5.0 PAST DATA COLLECTION EFFORTS

The third and final section of the Web questionnaire consisted of data collected on the sites’ injury and illness data prior to their approval into VPP. Gallup collected data from sites for the five years prior to acceptance into the program. In total, of the 380 sites that responded to the questionnaire, approximately 80 were approved into VPP after December 31, 2002, which would require them to submit data for this questionnaire on OSHA 300 logs [NOTE: 300 logs were required as of January 1, 2002, however, because we collected data starting with the year prior to approval, for those who were approved in 2002 and before, we would have only collected 200 log data]. Thirty sites responded to the questionnaire who were approved in 2004 and 50 sites were approved in 2003. Of the 80 sites that qualified to use at least one year of 300 logs, only 25 sites filled out the 300 logs on the questionnaire for the years needed. For that reason, the analysis provided below is for only those sites who submitted all their injury and illness data on OSHA 200 logs, which would be those sites approved into VPP on or before December 31, 2002, for a total of 295 sites or 92% of all sites that provided data.

The final part of this section discusses how these same sites have performed on their injury and illness data once they were accepted into the VPP. Gallup did not collect these data, but these data were submitted to Gallup by OSHA. We present the data for comparative purposes only.

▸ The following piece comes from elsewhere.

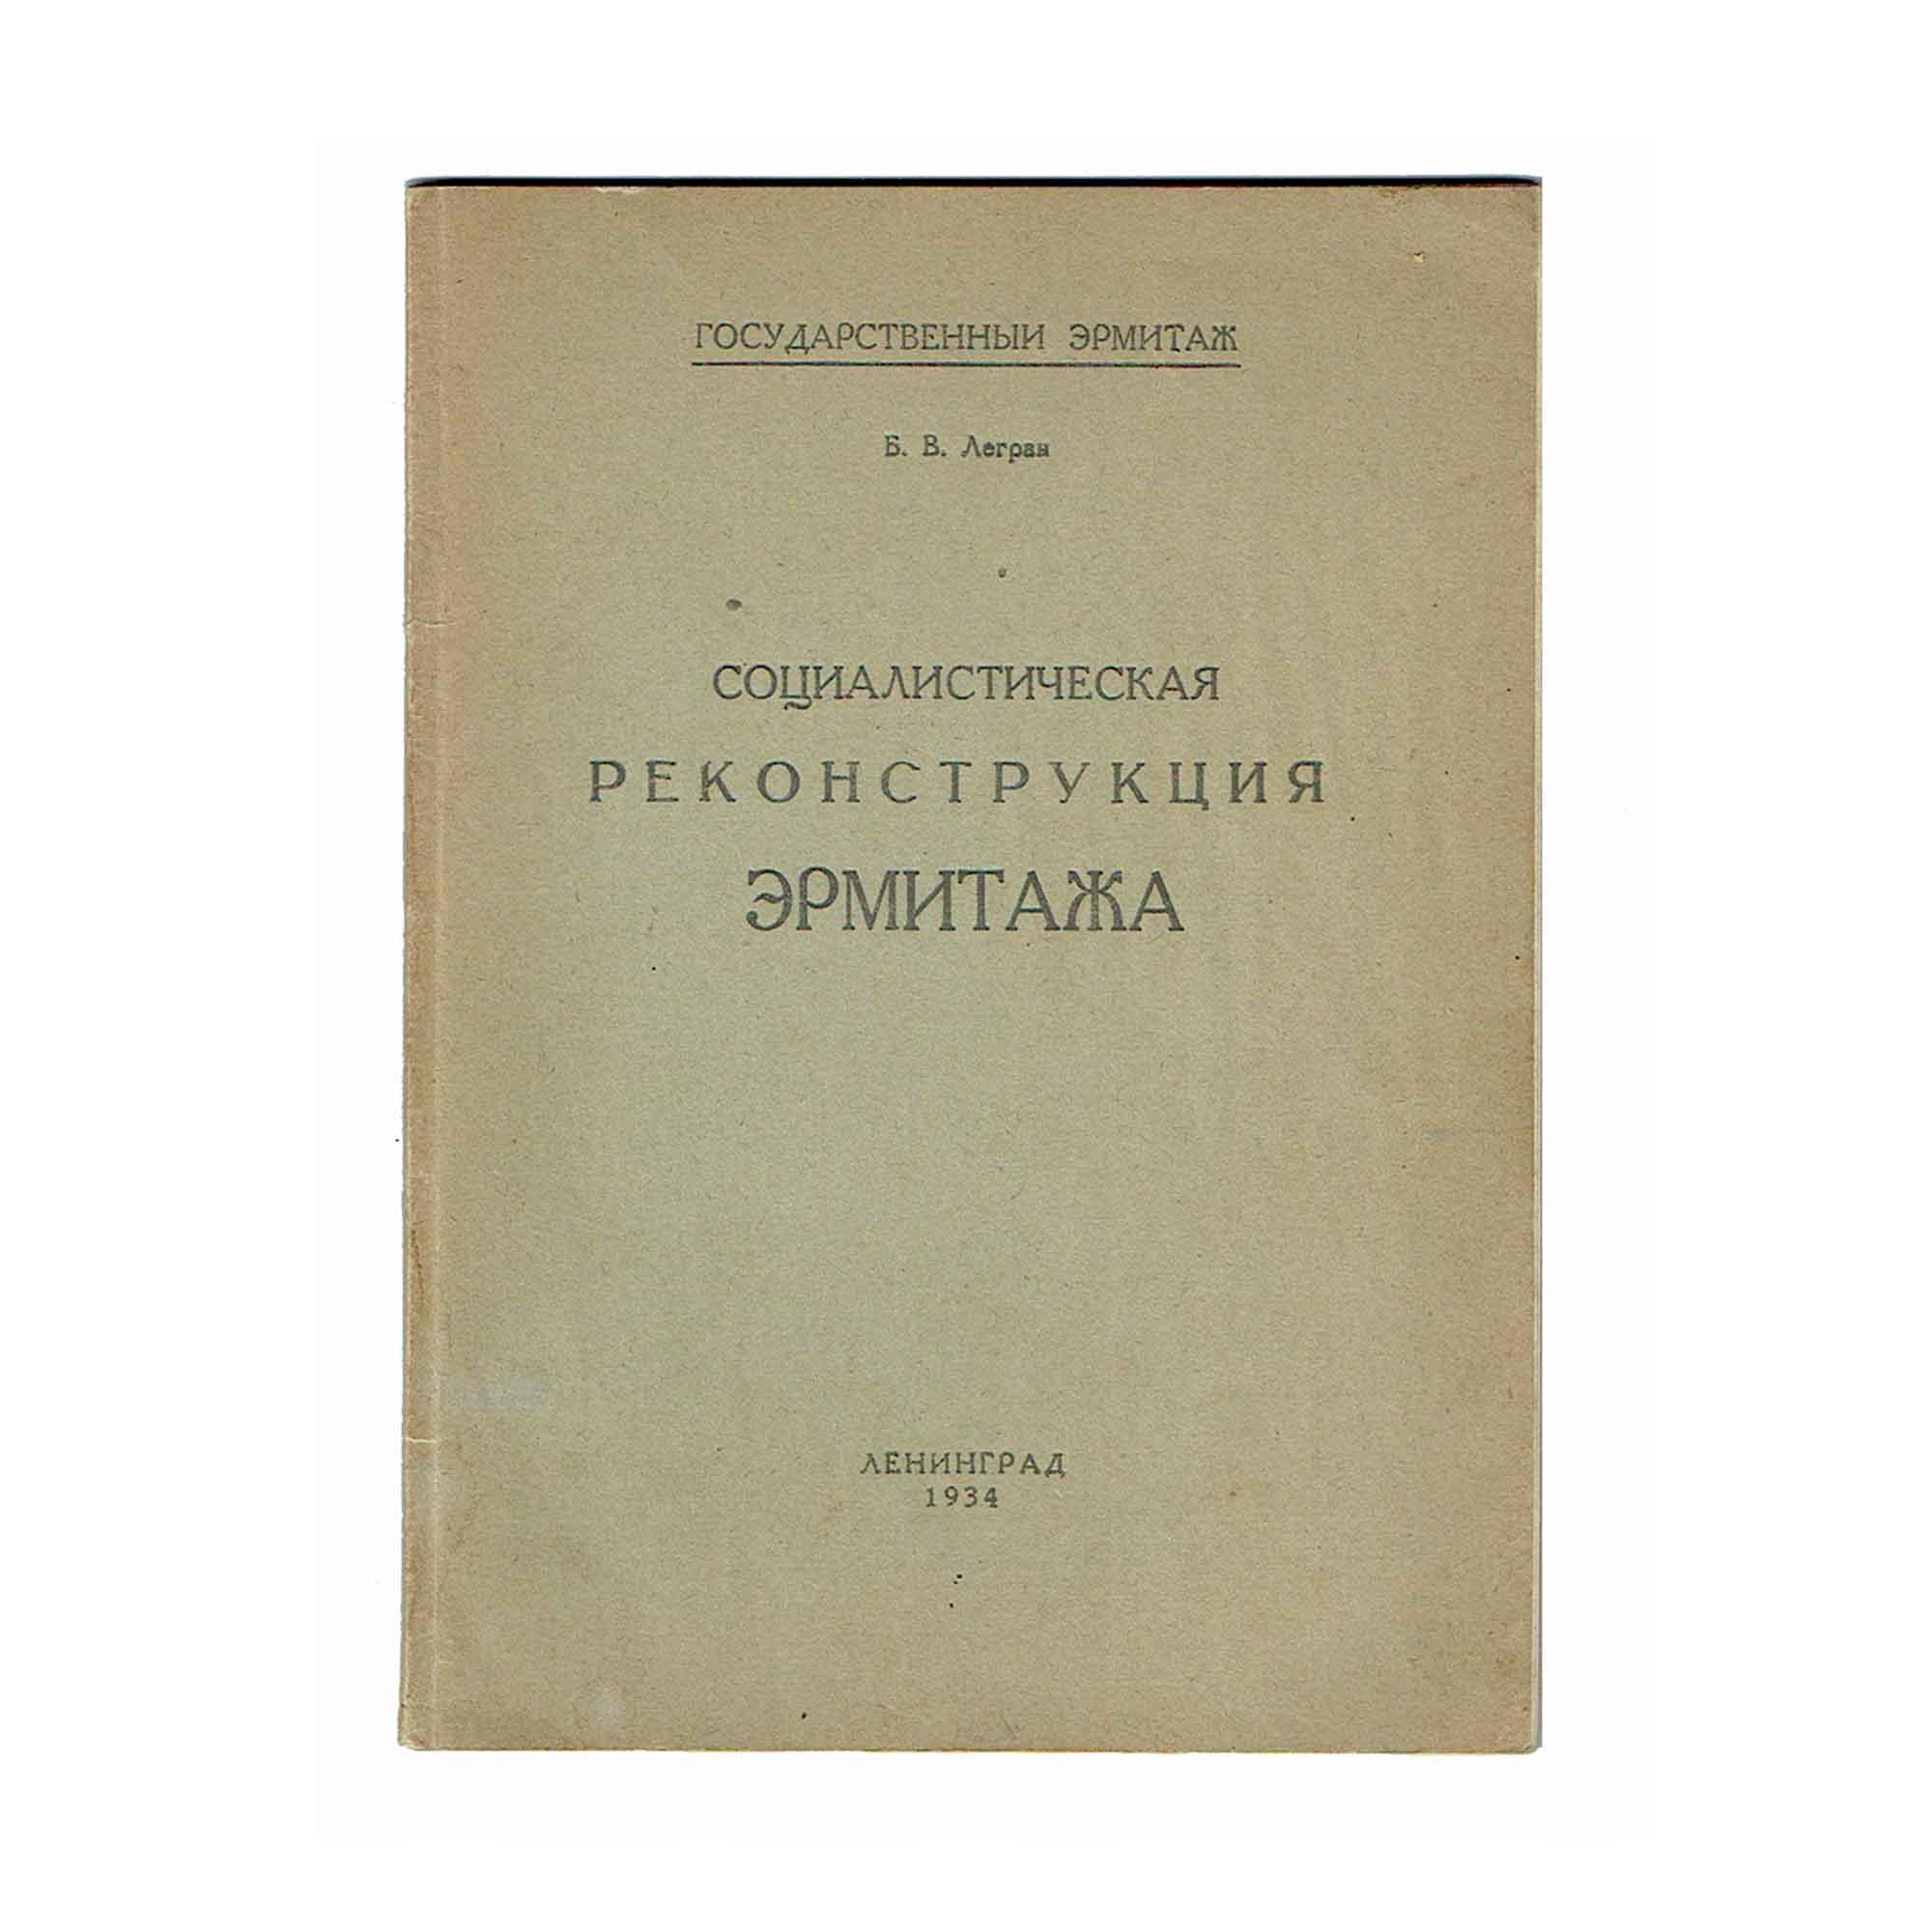 5477-Legran-Ermitage-1934-Einband-frei-N.jpeg

The remainder of the analysis for this section was based on time-sensitive information and specifically asked the question, to what extent does time prior to VPP acceptance play a role in the injury and illness rates of a given site. Or, in other words, is it the case that the further away from VPP acceptance a given site is, the worse its injury and illness rates are? In addition, in the analysis, our intention was to review individual differences from year-to-year to understand if any given year had more of a change in injury and illness rates than any other year.

To answer these questions, several statistical analyses were undertaken. For all analyses, Total Case Incident Rate (TCIR) and Days Away from work, Restricted work, or job Transfer injury and illness (DART) rates were used as proxies for injury and illness rates.

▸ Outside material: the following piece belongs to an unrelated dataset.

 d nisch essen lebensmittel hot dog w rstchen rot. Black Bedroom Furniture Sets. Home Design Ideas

READING THE CHARTS BELOW: Because we asked respondents for data from the five years prior to their acceptance in VPP, year 1 indicates one year prior to their acceptance into VPP, year 2 indicates two years prior to acceptance into VPP, etc.

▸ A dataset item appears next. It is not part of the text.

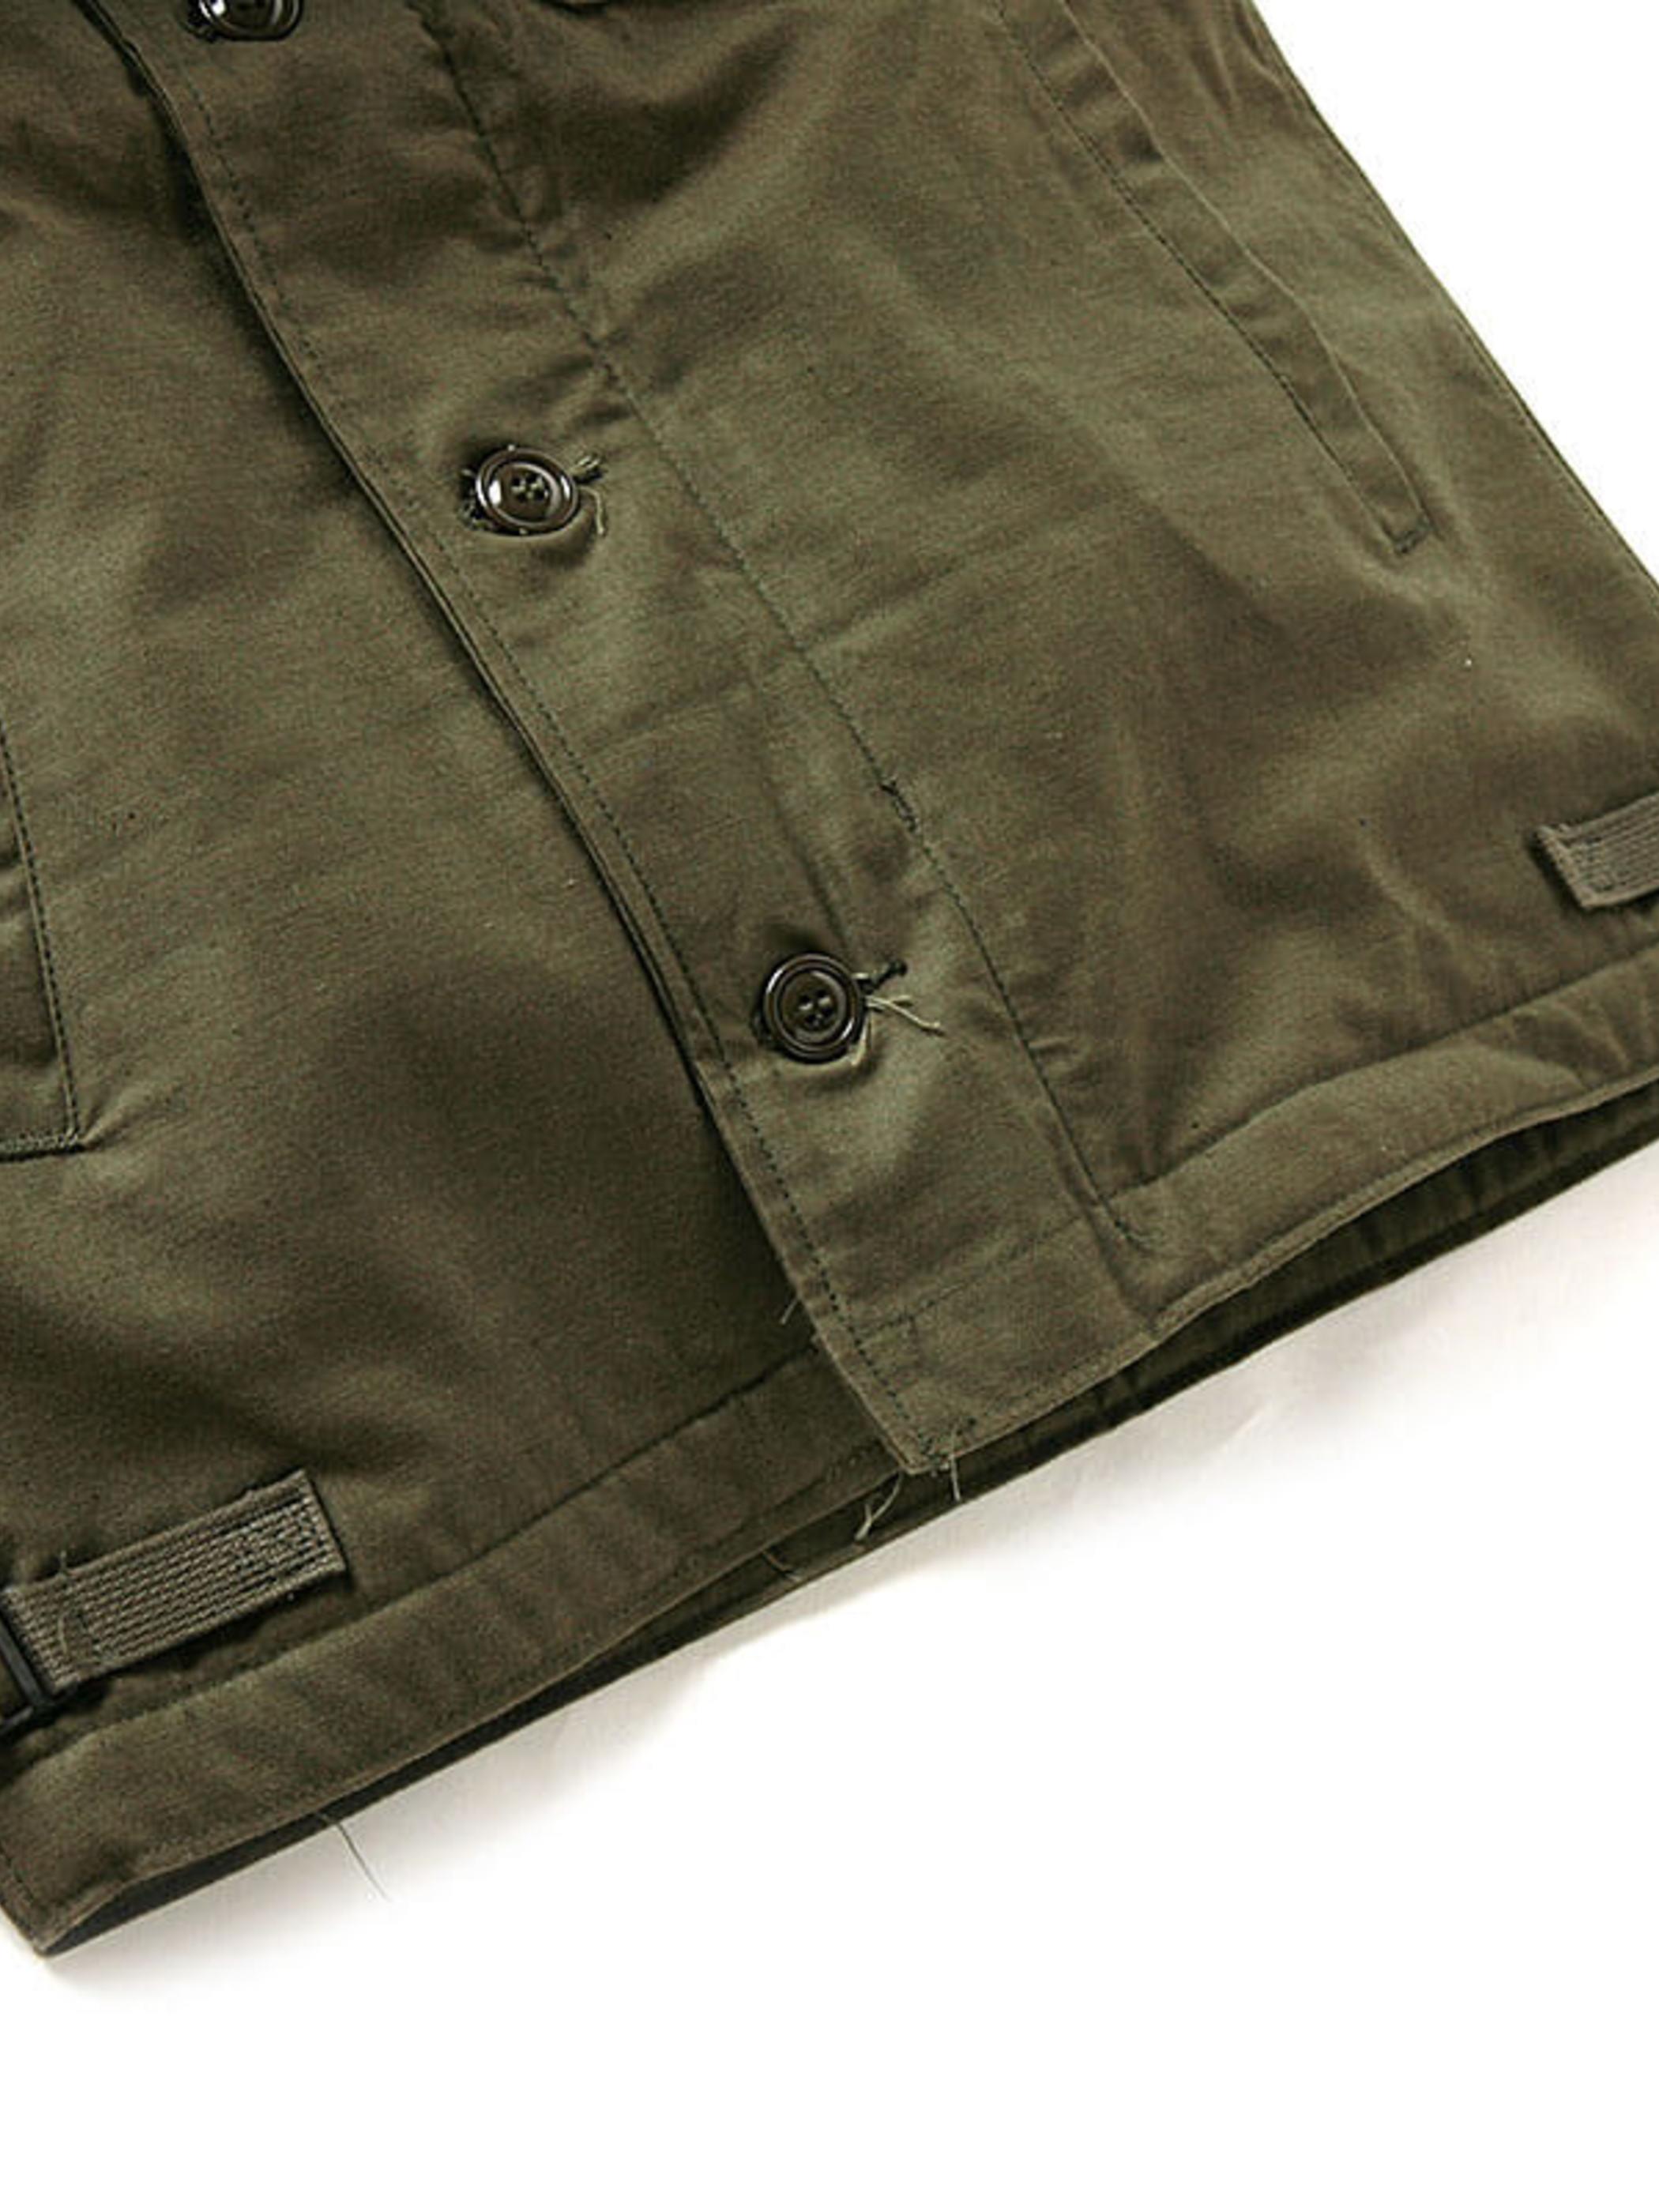 US Navy / Deadstock / A-2 Deck Jacket

First, we examined the mean scores of both TCIR and DART rates for the five years prior to acceptance into VPP.


TCIR and DART Rates for the Five Years Prior to Acceptance Into VPP
 
Text Version of Chart Data:

Chart Title: TCIR and DART Rates for the Five Years Prior to Acceptance Into VPP
Chart Type: Line Graph
Chart Elements: 2 - One line for TCIR and one for DART showing the mean scores for the five years prior to acceptance into VPP
Values:
  • TCIR
    • Year 5, n=52: 5.66
    • Year 4, n=66: 6.36
    • Year 3, n=218: 4.00
    • Year 2, n=222: 3.53
    • Year 1, n=225: 2.94
  • DART
    • Year 5, n=56: 2.31
    • Year 4, n=68: 2.87
    • Year 3, n=219: 1.88
    • Year 2, n=222: 1.62
    • Year 1, n=224: 1.42

 
FINDING: There was a clear "bump" in the injury and illness rates in year 4 (four years prior to VPP approval). The most dramatic change in all five years occurs between year 4 and year 3, as shown in the following chart. This can be explained because once sites start preparing for VPP, injury and illness rates tend to increase because sites start implementing better record keeping and reporting procedures. This usually can be identified four years prior to VPP approval. Additionally, as sites’ safety and health management systems improve, injury and illness rates tend to decline in the three years prior to VPP approval.

Changes in TCIR and DART Rates for the Five Years Prior to Acceptance Into VPP
 
Text Version of Chart Data:

Chart Title: Changes in TCIR and DART Rates for the Five Years Prior to Acceptance
Chart Type: Vertical Bar
Chart Elements: 8 - Two bars for each year change showing the change in rates for both TCIR and DART
Values:
  • TCIR
    • 5th to 4th = 0.13
    • 4th to 3rd = -2.65
    • 3rd to 2nd = -0.51
    • 2nd t0 1st = -0.6
  • DART
    • 5th to 4th = 0.11
    • 4th to 3rd = -1.11
    • 3rd to 2nd = -0.29
    • 2nd t0 1st = -0.21


Additional analysis was performed to see if the fourth year phenomenon occurred regardless of size of company and SIC code. Although the pattern was much more distinct among the small sites, the trend of a fourth year drop in sites’ injury and illness rates was also clear in the medium and large sites.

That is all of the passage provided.